Hidup itu mengerikan.

"Berhenti kau! Kau harus mati!"

Tidak, aku harus hidup!

Nina mempercepat laju larinya, ia mengambil jalur zigzag berputar dari satu pohon ke pohon lainnya demi menghindari pisau yang dilempar Diana. Masalahnya adalah, Nina tidak pernah berlarian di bawah suhu kurang dari nol dengan badai salju dan dikejar oleh seorang maniak. Oleh karenanya, gadis itu segera masuk saat menemukan sebuah kabin kecil yang dipenuhi gelondongan kayu.

Nina segera bersembunyi di balik tumpukan kayu membiarkan pintu tertutup tanpa diganjal. Wanita itu, pasti tak akan menemukannya, 'kan?

"Kau di dalam sana ya?"

Oh sial, Nina membekap mulutnya sendiri saat mendengar suara wanita itu menjadi satu dengan desir angin badai salju.

Derit pintu berbunyi, disusul langkah kaki.

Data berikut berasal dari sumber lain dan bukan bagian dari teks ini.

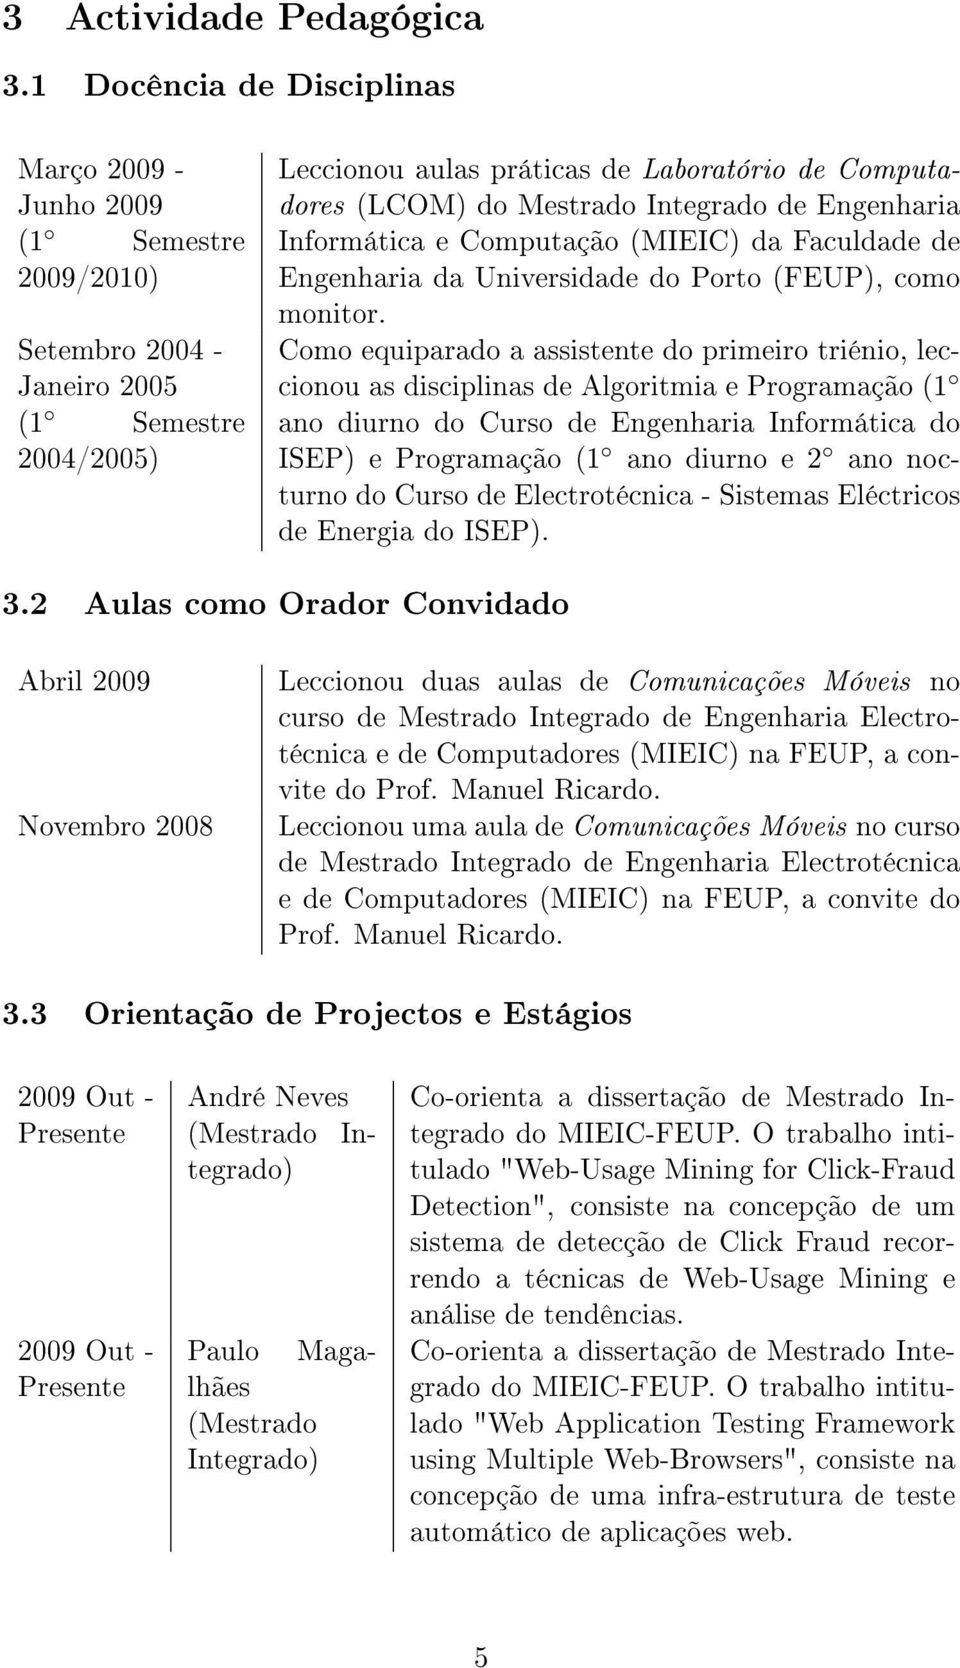 Integrado de Engenharia Informática e Computação (MIEIC) da Faculdade de Engenharia da Universidade do Porto (FEUP), como monitor.

"Keluarlah aku tak akan menyakitimu!"

Gadis itu masih duduk bersandar pada gelondongan kayu, rasa hujan jarum semakin menguasai tubuhnya, dan seluruh tubuhnya kini bergetar hebat.

Tidak, jangan sekarang.

"Keluarlah!" Suara gebrakan di salah satu batang kayu membuat Nina berjengit.

"Kapak ini tajam kok." Diana berujar lirih, Nina menengok dan menemukan wanita itu berjarak tiga meter darinya sekarang.

Sial, sial, sial!

"Pergi kau, dasar Sundal!" Tiba-tiba Connor mengayunkan balok kayu tepat di tengkuk Diana, membuat wanita paruh baya itu ambruk melepaskan kapaknya.

"Ambil tali, cepat!" perintah Connor.

Nina segera bangkit, matanya bergerak ke sembarang arah dan menemukan seutas tali tambang. Connor mempertemukan kedua tangan ibunya di belakang punggung, lalu menerima dan membebatkan tali tambang dari Nina. Setelah dirasa erat, ia mengangkat kedua kaki ibunya, lalu mengikat tangan dan kaki itu bersama-sama.

"Kau tak apa?"

"Sejauh ini, sakauku hampir kumat, yang lebih penting adalah lukamu," jawab Nina. "Ayo pergi ke kantor polisi, tahan lukamu sebentar, kumohon." Connor mengangguk.

Mereka meninggalkan Diana di dalam kabin, melemparkan kapak ke luar dan kembali berlari menembus salju.